Exercise aim
Set down exactly the lines that run from the line with "Pickup F 350" to the end of the data, and nothing else.

Data extracted from a collection:
BEGIN

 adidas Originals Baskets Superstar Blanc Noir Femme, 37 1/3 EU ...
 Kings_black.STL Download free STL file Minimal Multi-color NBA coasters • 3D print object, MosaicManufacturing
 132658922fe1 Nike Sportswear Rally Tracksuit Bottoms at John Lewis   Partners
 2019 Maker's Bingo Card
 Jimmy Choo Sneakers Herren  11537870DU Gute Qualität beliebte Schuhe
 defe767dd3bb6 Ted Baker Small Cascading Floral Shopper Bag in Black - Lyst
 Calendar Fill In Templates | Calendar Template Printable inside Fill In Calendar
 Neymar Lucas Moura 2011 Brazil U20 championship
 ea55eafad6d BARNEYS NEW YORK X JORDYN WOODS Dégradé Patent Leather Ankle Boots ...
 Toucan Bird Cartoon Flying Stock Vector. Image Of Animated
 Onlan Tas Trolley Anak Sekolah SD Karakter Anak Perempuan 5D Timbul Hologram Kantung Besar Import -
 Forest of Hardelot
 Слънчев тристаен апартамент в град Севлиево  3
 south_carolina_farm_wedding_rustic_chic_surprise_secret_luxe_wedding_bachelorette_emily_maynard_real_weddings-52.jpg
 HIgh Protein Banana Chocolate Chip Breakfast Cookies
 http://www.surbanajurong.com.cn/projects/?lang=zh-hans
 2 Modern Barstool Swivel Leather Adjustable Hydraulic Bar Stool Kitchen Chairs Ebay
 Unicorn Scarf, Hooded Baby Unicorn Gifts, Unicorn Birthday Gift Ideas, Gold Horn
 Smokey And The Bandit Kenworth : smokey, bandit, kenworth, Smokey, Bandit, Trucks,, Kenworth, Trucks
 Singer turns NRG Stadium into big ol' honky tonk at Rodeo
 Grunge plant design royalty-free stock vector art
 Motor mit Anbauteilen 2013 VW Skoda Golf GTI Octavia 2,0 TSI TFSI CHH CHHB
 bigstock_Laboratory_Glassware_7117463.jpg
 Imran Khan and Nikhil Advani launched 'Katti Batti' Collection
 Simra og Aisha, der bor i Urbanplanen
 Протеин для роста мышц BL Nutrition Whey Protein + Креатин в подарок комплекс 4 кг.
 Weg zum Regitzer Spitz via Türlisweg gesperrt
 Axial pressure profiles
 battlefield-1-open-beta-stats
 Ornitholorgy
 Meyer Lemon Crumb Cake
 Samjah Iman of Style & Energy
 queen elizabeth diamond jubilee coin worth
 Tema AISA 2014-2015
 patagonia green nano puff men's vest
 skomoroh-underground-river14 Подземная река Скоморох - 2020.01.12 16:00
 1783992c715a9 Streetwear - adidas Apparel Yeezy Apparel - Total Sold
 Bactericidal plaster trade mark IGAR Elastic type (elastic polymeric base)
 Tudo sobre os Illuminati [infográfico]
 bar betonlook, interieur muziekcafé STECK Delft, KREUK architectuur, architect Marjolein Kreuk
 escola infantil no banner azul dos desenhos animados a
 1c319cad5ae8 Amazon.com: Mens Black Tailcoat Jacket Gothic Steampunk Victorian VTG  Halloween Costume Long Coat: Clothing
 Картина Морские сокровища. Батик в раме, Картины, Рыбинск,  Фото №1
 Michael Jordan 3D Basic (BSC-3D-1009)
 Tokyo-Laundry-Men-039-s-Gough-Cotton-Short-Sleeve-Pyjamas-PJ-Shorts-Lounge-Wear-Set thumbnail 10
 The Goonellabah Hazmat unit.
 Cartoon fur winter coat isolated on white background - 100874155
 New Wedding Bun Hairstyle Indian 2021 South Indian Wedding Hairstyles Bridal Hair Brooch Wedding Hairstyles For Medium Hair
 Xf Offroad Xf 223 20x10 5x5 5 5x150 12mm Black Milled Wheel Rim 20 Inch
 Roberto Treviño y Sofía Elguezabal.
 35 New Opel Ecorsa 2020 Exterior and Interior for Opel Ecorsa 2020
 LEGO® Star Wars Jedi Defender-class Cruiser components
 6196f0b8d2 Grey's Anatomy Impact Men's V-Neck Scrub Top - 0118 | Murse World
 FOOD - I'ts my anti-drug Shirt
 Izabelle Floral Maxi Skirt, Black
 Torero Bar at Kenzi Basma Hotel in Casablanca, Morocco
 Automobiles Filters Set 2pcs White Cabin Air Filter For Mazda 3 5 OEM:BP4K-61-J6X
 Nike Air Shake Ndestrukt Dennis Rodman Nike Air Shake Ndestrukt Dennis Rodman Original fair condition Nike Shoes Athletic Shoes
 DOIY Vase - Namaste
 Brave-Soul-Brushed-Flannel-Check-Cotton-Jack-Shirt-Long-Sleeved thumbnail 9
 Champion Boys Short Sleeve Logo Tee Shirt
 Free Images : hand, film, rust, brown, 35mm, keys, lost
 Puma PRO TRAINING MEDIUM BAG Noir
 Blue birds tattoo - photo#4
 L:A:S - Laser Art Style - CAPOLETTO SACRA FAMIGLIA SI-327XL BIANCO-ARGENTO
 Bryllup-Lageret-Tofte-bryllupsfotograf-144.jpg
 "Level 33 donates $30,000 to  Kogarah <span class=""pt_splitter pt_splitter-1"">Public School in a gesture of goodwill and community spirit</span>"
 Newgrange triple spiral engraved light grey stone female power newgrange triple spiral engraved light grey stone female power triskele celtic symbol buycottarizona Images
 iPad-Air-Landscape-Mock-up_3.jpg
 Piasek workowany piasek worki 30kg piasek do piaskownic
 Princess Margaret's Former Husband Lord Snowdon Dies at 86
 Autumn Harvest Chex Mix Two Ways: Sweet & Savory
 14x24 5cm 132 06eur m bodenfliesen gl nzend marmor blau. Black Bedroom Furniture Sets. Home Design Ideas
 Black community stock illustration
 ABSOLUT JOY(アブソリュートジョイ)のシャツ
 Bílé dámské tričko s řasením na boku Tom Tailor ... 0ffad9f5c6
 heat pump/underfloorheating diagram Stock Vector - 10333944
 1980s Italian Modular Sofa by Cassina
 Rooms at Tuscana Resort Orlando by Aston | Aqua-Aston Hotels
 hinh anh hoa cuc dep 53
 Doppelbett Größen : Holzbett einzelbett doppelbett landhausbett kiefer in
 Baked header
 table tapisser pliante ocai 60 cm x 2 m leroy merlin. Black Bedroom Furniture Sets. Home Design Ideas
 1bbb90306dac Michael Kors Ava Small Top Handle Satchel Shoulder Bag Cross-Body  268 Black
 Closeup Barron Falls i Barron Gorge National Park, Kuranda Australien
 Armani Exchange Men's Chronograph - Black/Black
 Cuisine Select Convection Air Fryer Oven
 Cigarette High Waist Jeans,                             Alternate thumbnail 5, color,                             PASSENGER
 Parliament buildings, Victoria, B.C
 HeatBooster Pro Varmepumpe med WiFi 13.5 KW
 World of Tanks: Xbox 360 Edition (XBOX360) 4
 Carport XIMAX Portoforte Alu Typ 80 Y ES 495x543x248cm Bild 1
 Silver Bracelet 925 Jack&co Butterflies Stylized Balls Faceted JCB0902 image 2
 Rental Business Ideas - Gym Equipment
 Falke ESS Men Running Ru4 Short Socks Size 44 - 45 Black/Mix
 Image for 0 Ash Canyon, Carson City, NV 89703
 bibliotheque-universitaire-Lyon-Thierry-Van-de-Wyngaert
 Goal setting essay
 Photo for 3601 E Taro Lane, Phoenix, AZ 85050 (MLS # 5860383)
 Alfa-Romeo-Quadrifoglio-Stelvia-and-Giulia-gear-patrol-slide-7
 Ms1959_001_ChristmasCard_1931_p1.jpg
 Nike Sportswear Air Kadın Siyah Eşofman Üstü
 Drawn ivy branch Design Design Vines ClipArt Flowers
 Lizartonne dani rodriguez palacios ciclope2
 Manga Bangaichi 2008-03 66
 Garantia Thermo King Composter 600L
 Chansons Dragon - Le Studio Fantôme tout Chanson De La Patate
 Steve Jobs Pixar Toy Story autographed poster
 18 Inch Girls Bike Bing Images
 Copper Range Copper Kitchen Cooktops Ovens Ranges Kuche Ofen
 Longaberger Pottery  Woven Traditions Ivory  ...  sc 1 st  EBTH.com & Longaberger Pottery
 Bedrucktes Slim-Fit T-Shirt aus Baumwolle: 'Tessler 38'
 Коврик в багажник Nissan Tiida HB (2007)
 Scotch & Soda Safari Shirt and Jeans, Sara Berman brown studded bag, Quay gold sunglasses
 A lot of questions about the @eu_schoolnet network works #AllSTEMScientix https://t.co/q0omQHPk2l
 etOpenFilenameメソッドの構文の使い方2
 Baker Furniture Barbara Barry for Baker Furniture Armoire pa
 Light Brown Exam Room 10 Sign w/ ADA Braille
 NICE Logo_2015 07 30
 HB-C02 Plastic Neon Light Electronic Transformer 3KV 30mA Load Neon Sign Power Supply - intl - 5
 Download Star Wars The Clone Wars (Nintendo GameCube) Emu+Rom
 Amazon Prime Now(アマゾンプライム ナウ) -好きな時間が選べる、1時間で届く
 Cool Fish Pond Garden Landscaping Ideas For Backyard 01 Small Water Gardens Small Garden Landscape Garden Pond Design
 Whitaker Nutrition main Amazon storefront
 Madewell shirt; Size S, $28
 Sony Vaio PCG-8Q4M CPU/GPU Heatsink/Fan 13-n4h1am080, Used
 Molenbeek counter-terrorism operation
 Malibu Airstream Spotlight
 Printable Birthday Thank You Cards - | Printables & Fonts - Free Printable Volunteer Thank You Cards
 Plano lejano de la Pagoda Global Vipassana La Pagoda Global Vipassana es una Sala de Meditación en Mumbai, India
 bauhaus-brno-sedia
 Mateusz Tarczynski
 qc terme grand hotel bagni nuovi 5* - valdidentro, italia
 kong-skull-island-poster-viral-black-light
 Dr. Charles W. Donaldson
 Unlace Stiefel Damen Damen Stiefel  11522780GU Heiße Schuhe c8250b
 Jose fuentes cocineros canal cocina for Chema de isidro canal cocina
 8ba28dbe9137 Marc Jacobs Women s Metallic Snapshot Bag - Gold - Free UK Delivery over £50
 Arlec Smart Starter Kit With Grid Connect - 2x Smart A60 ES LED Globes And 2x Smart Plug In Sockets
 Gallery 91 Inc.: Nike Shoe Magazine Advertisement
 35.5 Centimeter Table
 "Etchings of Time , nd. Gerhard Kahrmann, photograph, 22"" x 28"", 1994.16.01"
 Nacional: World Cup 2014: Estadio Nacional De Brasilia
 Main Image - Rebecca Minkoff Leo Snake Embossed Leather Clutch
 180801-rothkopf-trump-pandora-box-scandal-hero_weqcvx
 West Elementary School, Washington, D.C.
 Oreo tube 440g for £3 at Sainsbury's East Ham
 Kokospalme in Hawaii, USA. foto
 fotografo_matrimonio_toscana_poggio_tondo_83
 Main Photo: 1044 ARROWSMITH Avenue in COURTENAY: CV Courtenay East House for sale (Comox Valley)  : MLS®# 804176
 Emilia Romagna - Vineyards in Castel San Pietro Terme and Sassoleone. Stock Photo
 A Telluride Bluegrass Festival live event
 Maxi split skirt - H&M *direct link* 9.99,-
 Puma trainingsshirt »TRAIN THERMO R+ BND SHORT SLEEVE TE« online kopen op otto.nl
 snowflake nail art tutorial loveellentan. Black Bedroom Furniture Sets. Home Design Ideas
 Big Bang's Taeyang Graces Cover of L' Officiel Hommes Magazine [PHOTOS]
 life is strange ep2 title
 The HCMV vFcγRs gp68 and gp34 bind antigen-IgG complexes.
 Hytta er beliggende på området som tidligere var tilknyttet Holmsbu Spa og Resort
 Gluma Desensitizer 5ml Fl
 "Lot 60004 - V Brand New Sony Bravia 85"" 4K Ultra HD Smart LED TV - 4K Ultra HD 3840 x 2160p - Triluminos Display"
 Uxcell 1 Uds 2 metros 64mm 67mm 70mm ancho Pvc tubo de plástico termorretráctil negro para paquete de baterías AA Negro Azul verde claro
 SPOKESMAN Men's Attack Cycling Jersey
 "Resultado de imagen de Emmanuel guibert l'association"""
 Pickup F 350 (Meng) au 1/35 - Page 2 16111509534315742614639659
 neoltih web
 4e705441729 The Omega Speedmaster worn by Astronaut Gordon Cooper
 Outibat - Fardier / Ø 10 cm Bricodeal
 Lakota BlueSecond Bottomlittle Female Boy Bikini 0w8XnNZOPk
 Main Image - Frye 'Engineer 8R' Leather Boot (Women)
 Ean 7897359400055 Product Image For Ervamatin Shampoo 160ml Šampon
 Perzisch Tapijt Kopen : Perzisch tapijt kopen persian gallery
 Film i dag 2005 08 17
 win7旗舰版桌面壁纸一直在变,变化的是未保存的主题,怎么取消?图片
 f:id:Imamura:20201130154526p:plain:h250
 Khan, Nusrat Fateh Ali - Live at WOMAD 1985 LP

END

Task answer
 Pickup F 350 (Meng) au 1/35 - Page 2 16111509534315742614639659
 neoltih web
 4e705441729 The Omega Speedmaster worn by Astronaut Gordon Cooper
 Outibat - Fardier / Ø 10 cm Bricodeal
 Lakota BlueSecond Bottomlittle Female Boy Bikini 0w8XnNZOPk
 Main Image - Frye 'Engineer 8R' Leather Boot (Women)
 Ean 7897359400055 Product Image For Ervamatin Shampoo 160ml Šampon
 Perzisch Tapijt Kopen : Perzisch tapijt kopen persian gallery
 Film i dag 2005 08 17
 win7旗舰版桌面壁纸一直在变,变化的是未保存的主题,怎么取消?图片
 f:id:Imamura:20201130154526p:plain:h250
 Khan, Nusrat Fateh Ali - Live at WOMAD 1985 LP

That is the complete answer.